DSRI is at the forefront of advancing the next generation of driver monitoring systems.
The University of Iowa Driving Safety Research Institute (DSRI) is leading multiple projects assessing the latest evolutions in driver monitoring systems (DMS) that are designed to identify when motorists are distracted, drowsy, and/or under the influence of alcohol or cannabis.
Various types of DMS can be found on new vehicles today. A camera inside the vehicle tracks eye and head movement to assess driver drowsiness or distraction. An alert then urges the driver to take a break or keep their eyes on the road. DMS technology is evolving to also detect driver impairment from drugs or alcohol.
Being able to distinguish among factors affecting the driver is a key step in improving the technology.
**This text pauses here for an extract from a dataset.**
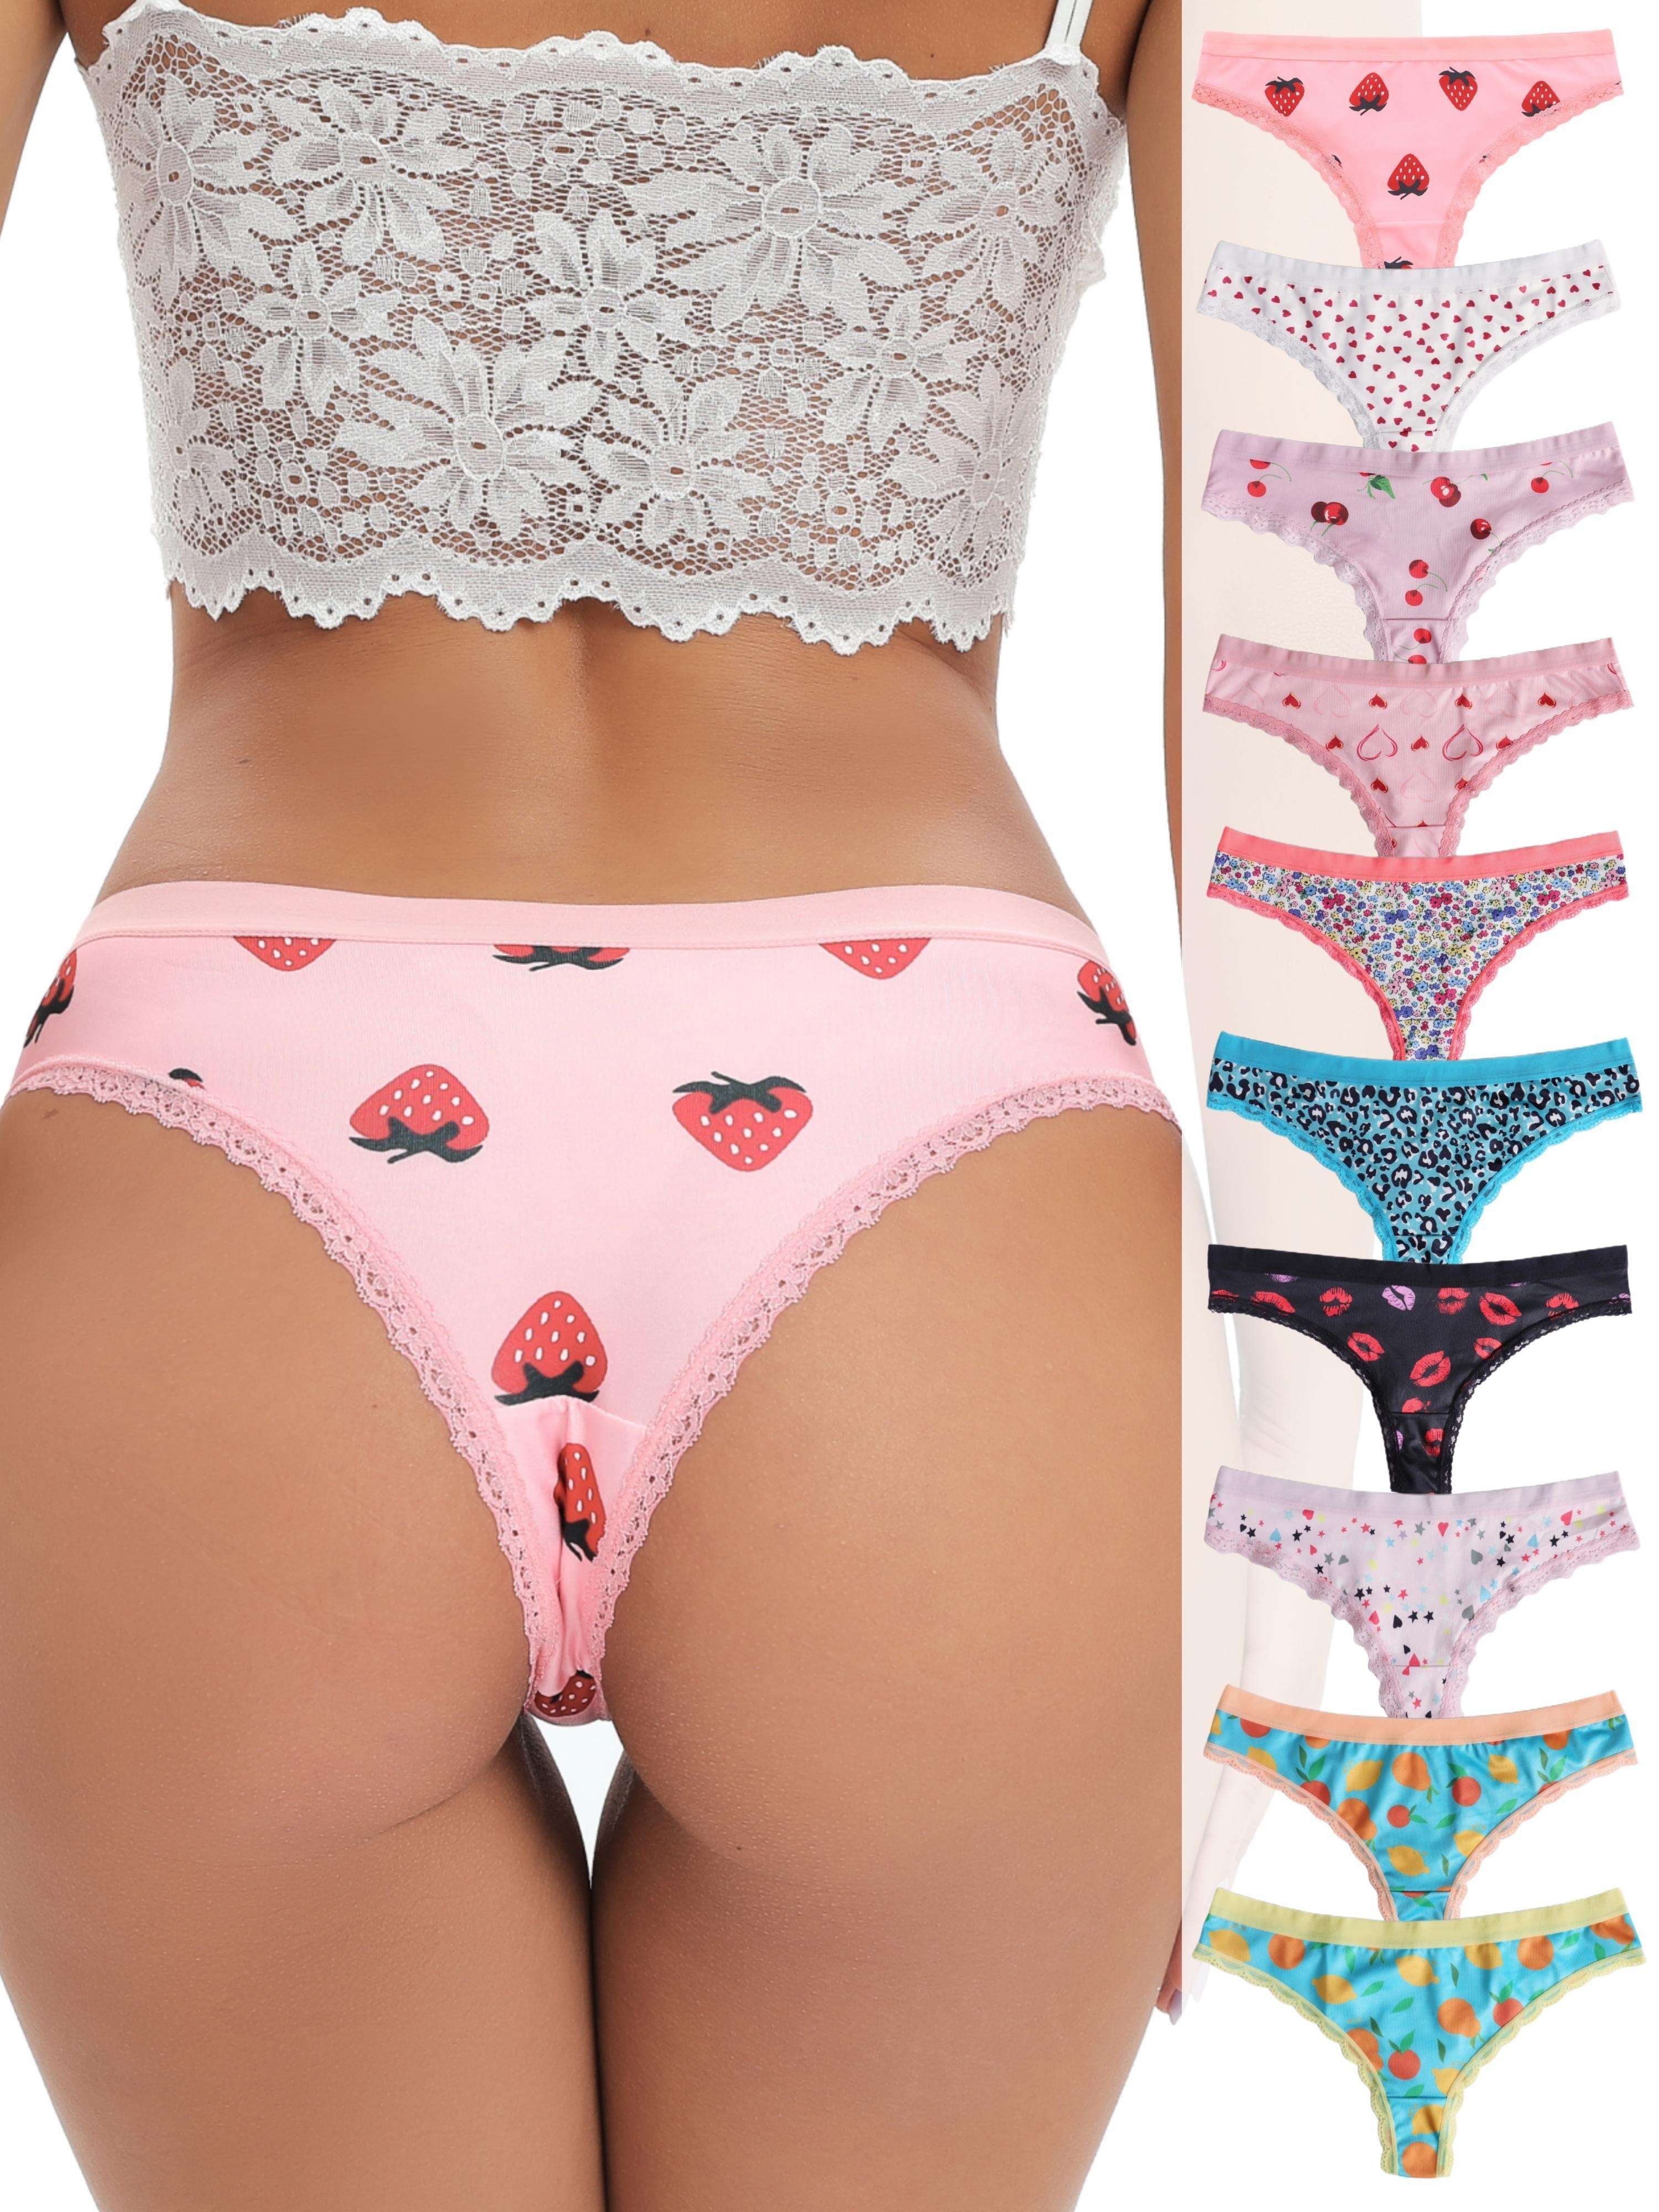 10 Pcs Fruit & Heart Print Thongs, Soft & Comfy Lace Trim Panties, Women's  Lingerie & Underwear

DSRI has been a leader in assessing which measures are most sensitive in differentiating the type of impairment.
Alcohol
Under a $2 million grant from the National Highway Traffic Safety Administration (NHTSA), DSRI is studying the effectiveness of DMS to detect if someone is driving while drunk — specifically if they are over the legal limit or not.
Study participants will drive in a driving simulator at four distinct times: 1) when they are alert and sober, 2) when they are drowsy and sober, 3) when their blood alcohol content (BAC) is at 0.08, and 4) again when their BAC is at 0.12. Investigators will collect data on driver performance, eye tracking, head and body movements, heart rate, and respiration, among others.
“This study is significant because its results could be used in the future to help prevent or reduce the number of alcohol-related crashes,” said Tim Brown, director of drugged driving research.
Distraction and drowsiness
DSRI is using DMS to detect if a driver is distracted and identify when this occurs alongside drowsiness. This research will help differentiate between distraction and drowsiness, enabling researchers to understand the effects of distraction with and without the presence of drowsiness.
DSRI is conducting research to provide recommendations for test procedures to evaluate DMS systems that are designed to detect drowsiness. In collaboration with Exponent, they developed a protocol to gather data on drowsy drivers and are evaluating it through DSRI’s driving simulator and Exponent’s test track.
Cannabis
Using a Seeing Machines DMS to study changes in eye behaviors after cannabis use, DSRI researchers found changes in scanning patterns of cannabis users before and after consumption. Additionally, changes in average eye opening were found to decrease following use.
Alcohol detection
Researchers examined different eye-related measures (e.g., blink rate, pupil size) to assess: 1) if the driver recently used alcohol, and 2) if these measures are consistent across users relative to BAC levels. Findings showed that median eye opening and percentage of time spent focused on the forward roadway could be used as predictors of alcohol-impaired driving.
Third-party collaboration
The DSRI team detected and analyzed impairment from alcohol and cannabis using a DMS provided by Aisin, a global automotive supplier. One of the models they tested — which used both vehicle data and facial features — was found to be effective at classifying alcohol impairment. Another model meant to detect cannabis impairment — which used mostly eye features — showed promise, but researchers suspected those results may not hold up to further testing.